First, IMHO, you do NOT need formal culinary schooling to embark on a career as a PC. You DO need to be able to cook what you will be offering your potential clients.
Cooking is the easy part of becoming a PC. In addition to cooking you will need to know and understand:
- Food Safety and Sanitation (ServSafe, NRFSP, or equivalent)
- Basics of bookkeeping
- Basics of business practices and business law
- Business laws and regulations pertaining to your planned area of operation
- Marketing, advertising, and self-promotion
As a practicing PC since 2000, let me offer a note of caution concerning specializing as a PC, be sure you understand exactly how specializing reduces your potential market.

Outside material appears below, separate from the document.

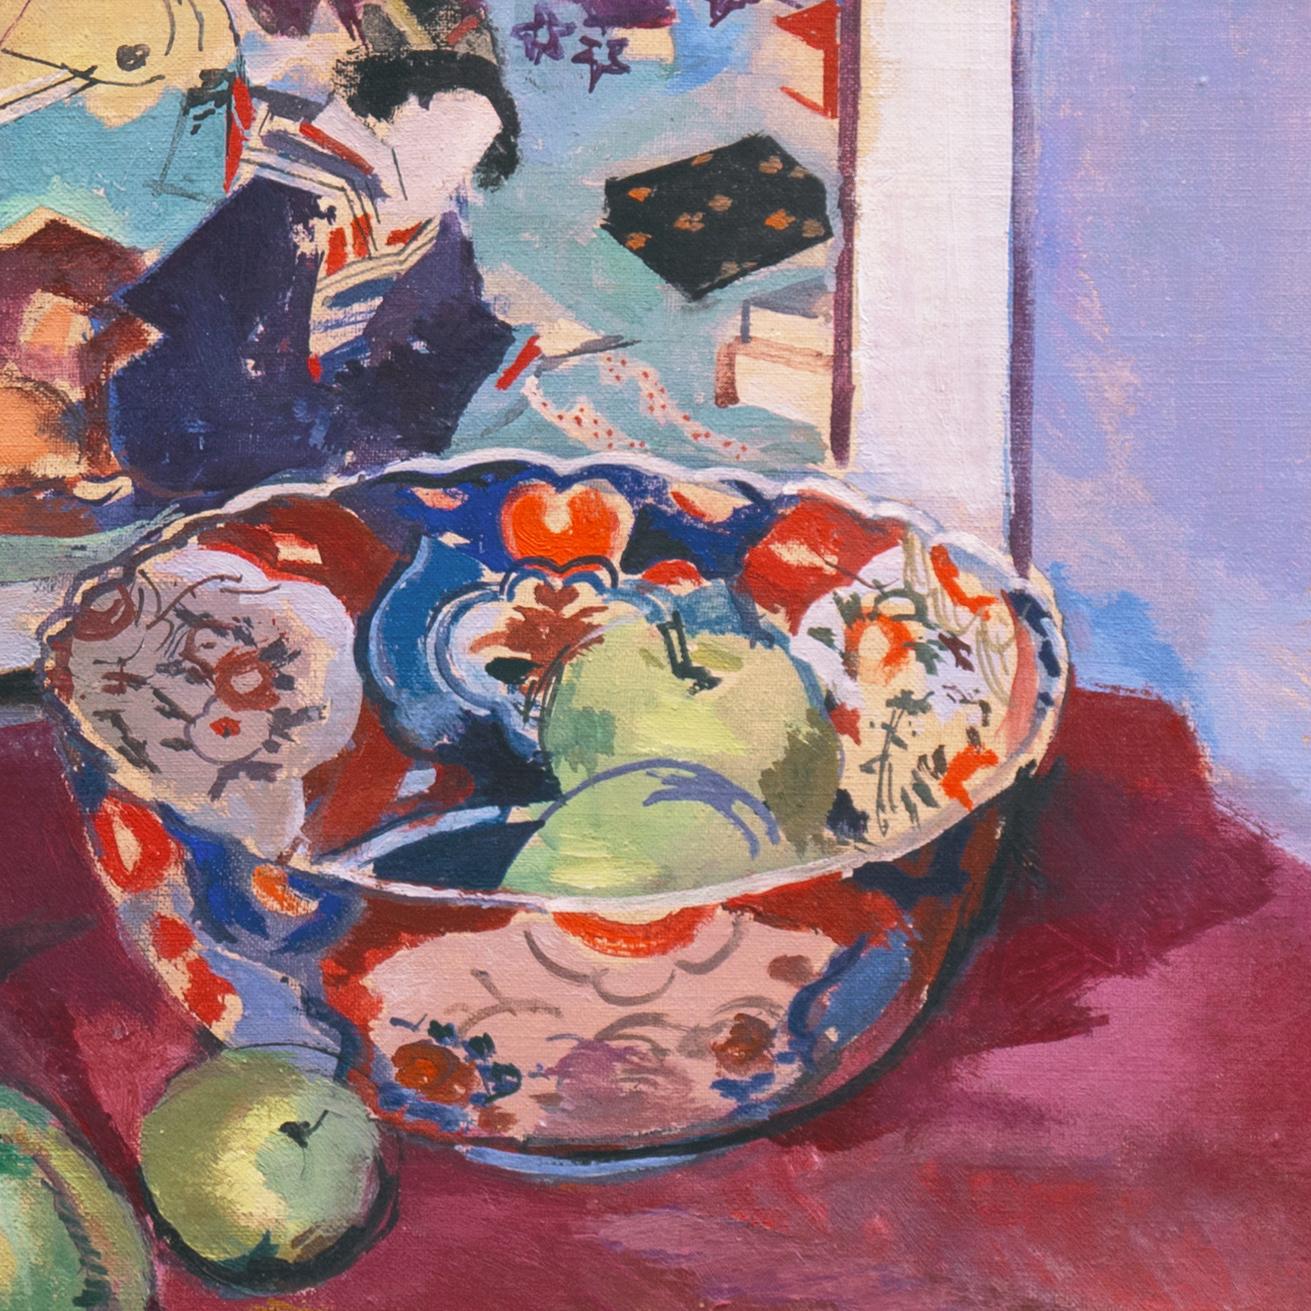 Signed lower right, 'V. Isbrand' for Victor Isbrand (Danish, 1897-1989) and painted circa 1945. 

A dramatic, Post-Impressionist still-life showing a group of items including a fluted, Japanese porcelain vase holding an informal arrangement of

According to some reports, vegan/vegetarians comprise something on the order of 3-5% of the people in the USA. Thus, IF you choose to restrict your potential market to vegan/vegetarians, you are choosing to ignore 95-97% of your potential market. That is NOT a problem as long as you recognize the choice you are making.
In my 10 years of experience, about 20% of any given population has the CASH to afford a PC and about, oh, 25% of those with the CASH have any grasp as to the benefits of a PC and maybe a quarter of those really end up willing to spend the CASH for a PC.
So, for every 100,000 population, 20,000 can afford a PC, of which maybe 5,000 understand what a PC is and does and maybe 1,250 are willing to hire a PC. Not bad, you only need, what, five weekly clients? That is only 0.4% market penetration.
But wait, limit it to vegan/vegetarians and the potential market is now 62-63 per 100,000 and your five clients are now about 8% of the potential market, in other words 20 times as difficult.
Again, cooking is the EASY part, develop your business plan and seriously analyze your potential market before making ANY commitments.
And yes, if you attend a conventional culinary school, you will most certainly be handling animal products and, more than likely, be required to taste them.
That being said, I think there ARE Vegan/vegetarian culinary schools out there.